Why PID alone fails in fusion:

MIMO coupling. Plasma position, shape, current, density, and temperature are coupled. Changing heating power affects both temperature and current profile. PID on each channel independently ignores cross-coupling, leading to instability or sluggish response.
Nonlinearity. The L-H transition is a bifurcation. Confinement jumps discontinuously. A controller tuned for L-mode becomes unstable at the transition.
Constraints. PID has no mechanism to respect actuator limits. Integral windup occurs when the actuator saturates: the integral term accumulates error that cannot be acted upon, causing large overshoot when the constraint releases.

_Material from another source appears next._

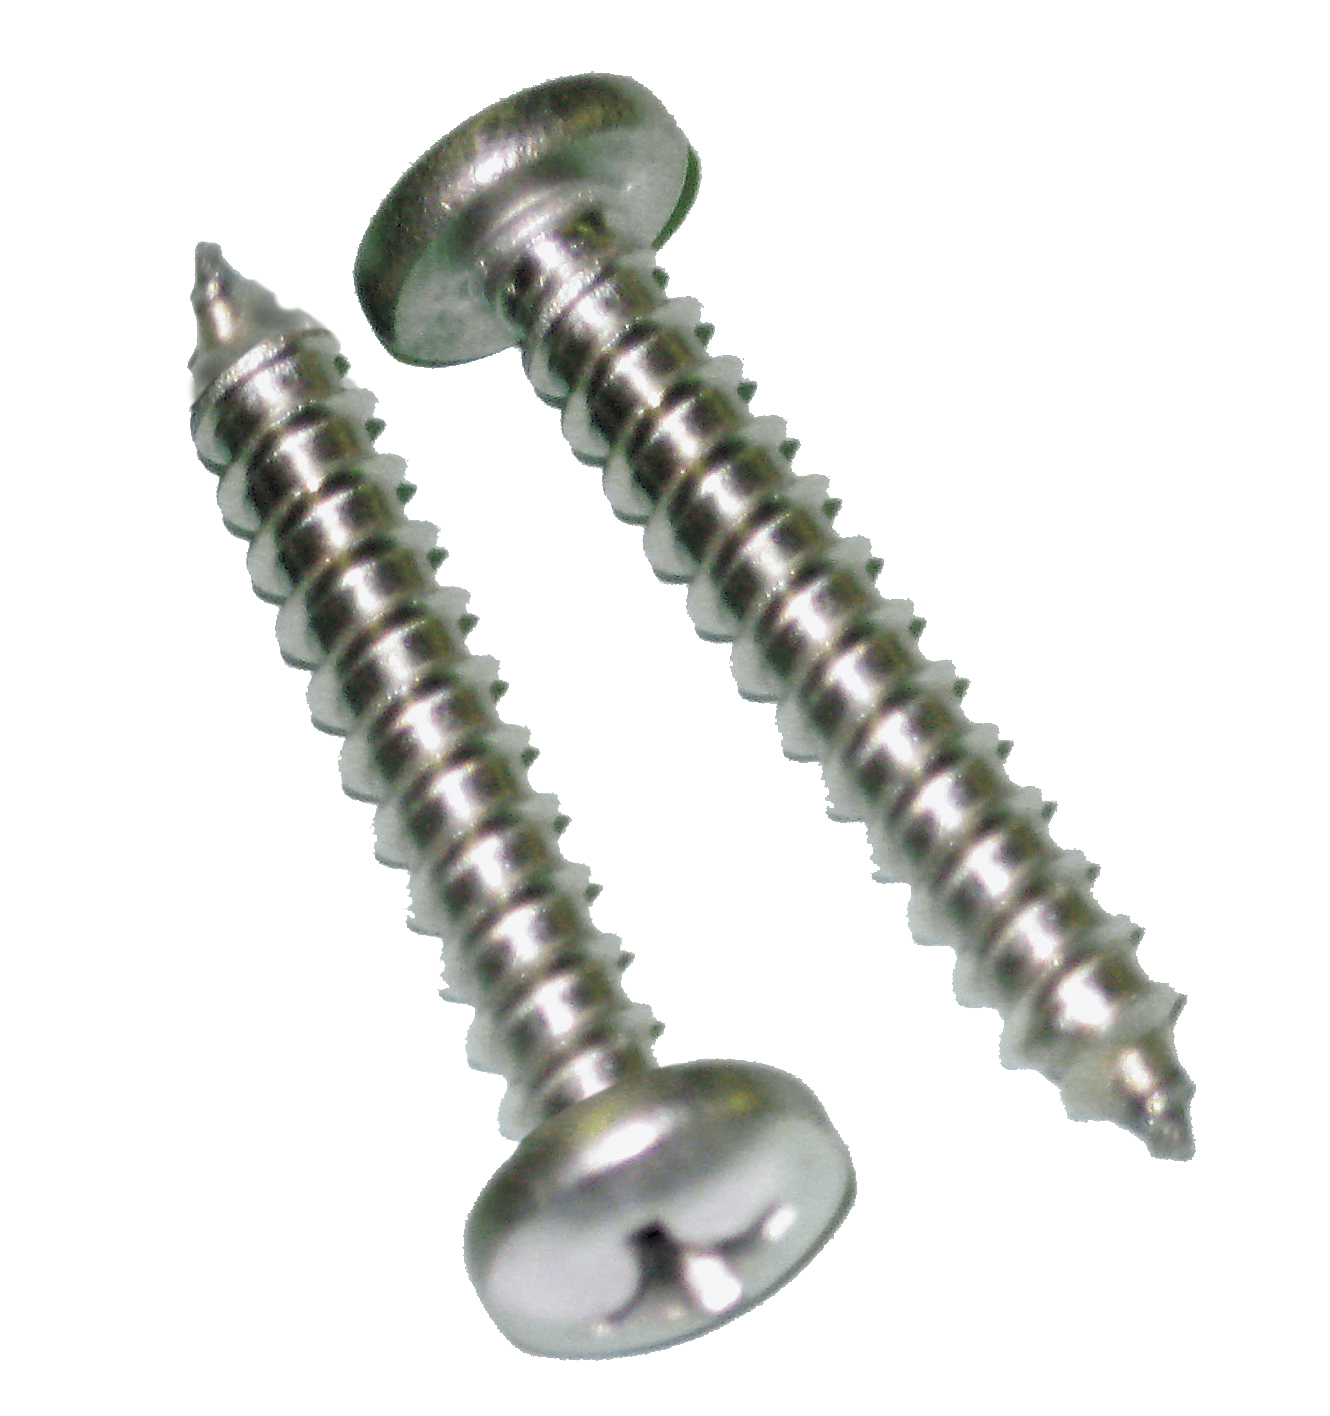 Bright Finish Stainless Steel 304 Self Tapping Phillips Drive Screws 18-8 Full Thread #8 x 3/4 Stainless Truss Head Sheet Metal Screws Wood Screws 100 of Pack

State-Space Representation¶

Modern control works with the state-space form:

\[ \dot{x} = A x + B u, \qquad y = C x \]

where $x \in \mathbb{R}^n$ is the state vector (plasma current, temperatures, density, position), $u \in \mathbb{R}^m$ is the control input, $y \in \mathbb{R}^p$ is the measured output, and $A, B, C$ are matrices derived from linearising the plant dynamics around an operating point.

Controllability. The pair $(A, B)$ is controllable if and only if the controllability matrix has full rank:

\[ \mathcal{C} = \begin{bmatrix} B & AB & A^2 B & \cdots & A^{n-1} B \end{bmatrix}, \qquad \text{rank}(\mathcal{C}) = n \]

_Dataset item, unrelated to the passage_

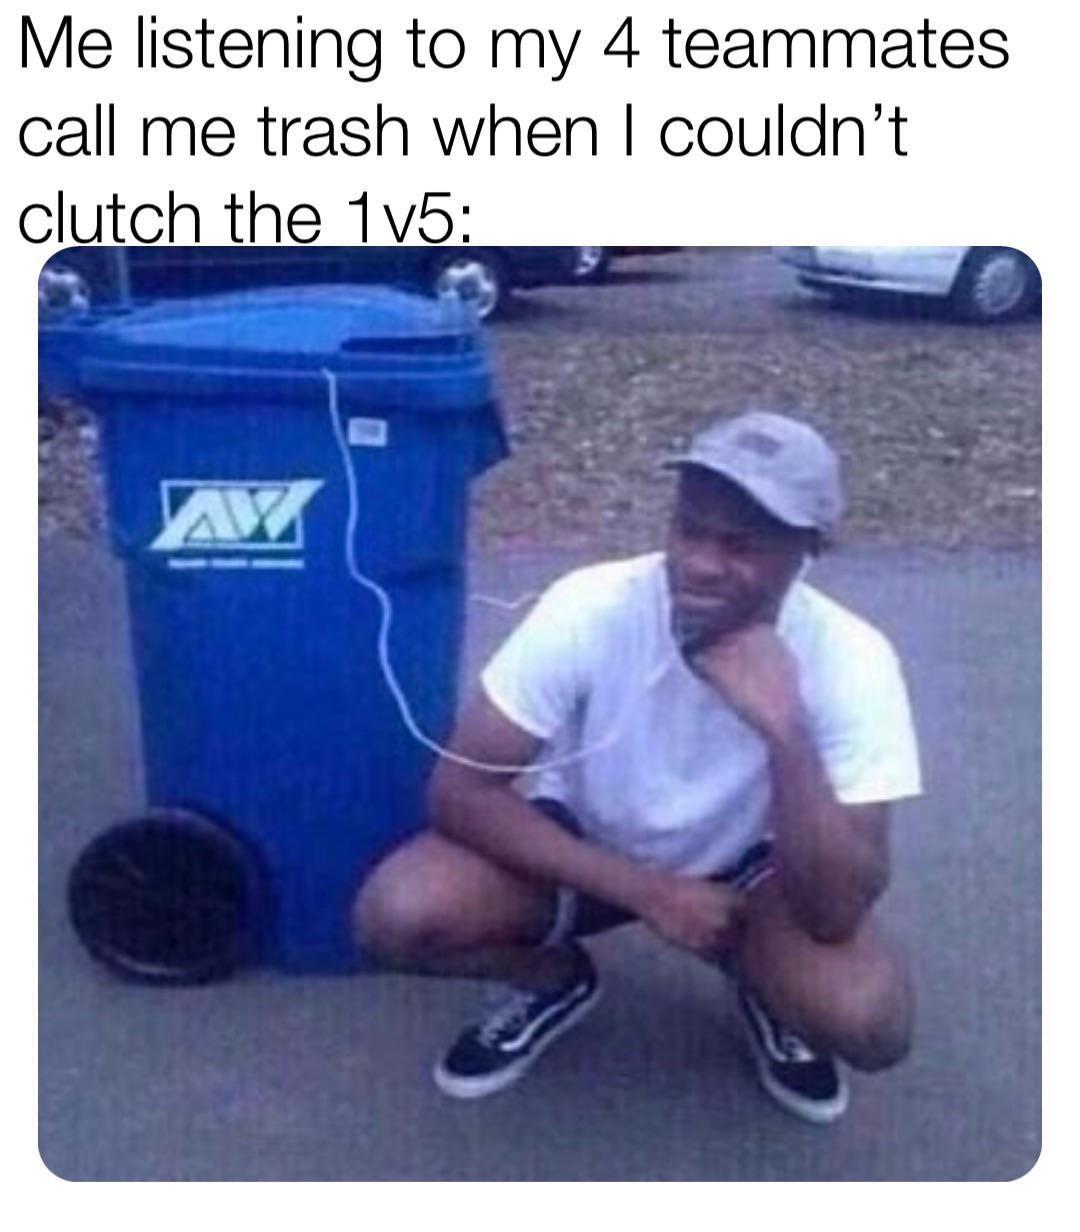 listening to trash meme template - Me listening to my 4 teammates call me trash when I couldn't clutch the 1v5

If the system is controllable, there exists a state feedback $u = -K x$ that places the closed-loop eigenvalues of $A - BK$ at any desired locations. Unstable eigenvalues (positive real part) must be moved to the left half-plane.

Observability. Dually, $(A, C)$ is observable if:

\[ \mathcal{O} = \begin{bmatrix} C \\ CA \\ \vdots \\ CA^{n-1} \end{bmatrix}, \qquad \text{rank}(\mathcal{O}) = n \]

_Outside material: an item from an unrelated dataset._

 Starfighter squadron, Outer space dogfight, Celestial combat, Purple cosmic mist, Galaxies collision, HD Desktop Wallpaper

An observable system allows full state reconstruction from output measurements via a Luenberger observer or Kalman filter.

Eigenvalue analysis. The open-loop eigenvalues of $A$ determine stability. For vertical stability, $A$ typically has one unstable eigenvalue with growth rate $\gamma \sim 10^2 - 10^3 \, \text{s}^{-1}$. The controller must act faster than $1/\gamma$ to stabilise the mode.

Gain-Scheduled PID¶

A tokamak shot passes through distinct operating regimes: ramp-up, L-mode flat-top, L-H transition, H-mode flat-top, ramp-down, and (if things go wrong) disruption mitigation. Each regime has different dynamics. Gain scheduling switches PID gains based on the detected regime.

The RegimeDetector classifies the current operating point from $dI_p/dt$, energy confinement time $\tau_E$, and disruption probability. The GainScheduledController interpolates gains during regime transitions via bumpless transfer:

\[ K(t) = (1 - \alpha) \, K_{\text{old}} + \alpha \, K_{\text{new}}, \qquad \alpha = \frac{t - t_{\text{switch}}}{\tau_{\text{switch}}} \]

This avoids discontinuous jumps in the control signal at regime boundaries. Integral state is reset on entry to disruption mitigation.

scpn-control: GainScheduledController, RegimeDetector, OperatingRegime in scpn_control.control.gain_scheduled_controller.

3. Robust Control: H-infinity¶

The Problem¶

The plant model $(A, B, C)$ is never exact. Unmodelled dynamics, parameter variations, and external disturbances act on the system. Robust control designs a controller that guarantees stability and performance for all plants within a defined uncertainty set.

Generalised Plant¶

The standard H-infinity setup augments the plant with disturbance and performance channels:

\[ \dot{x} = A x + B_1 w + B_2 u $$ $$ z = C_1 x + D_{12} u $$ $$ y = C_2 x + D_{21} w \]

Here $w$ is the exogenous disturbance (noise, model error, reference), $z$ is the performance output (tracking error, control effort), $u$ is the control input, and $y$ is the measured output.

The closed-loop transfer function from $w$ to $z$ is $T_{wz}(s)$. The H-infinity norm is the worst-case gain:

\[ \|T_{wz}\|_\infty = \sup_\omega \bar{\sigma}\bigl(T_{wz}(j\omega)\bigr) \]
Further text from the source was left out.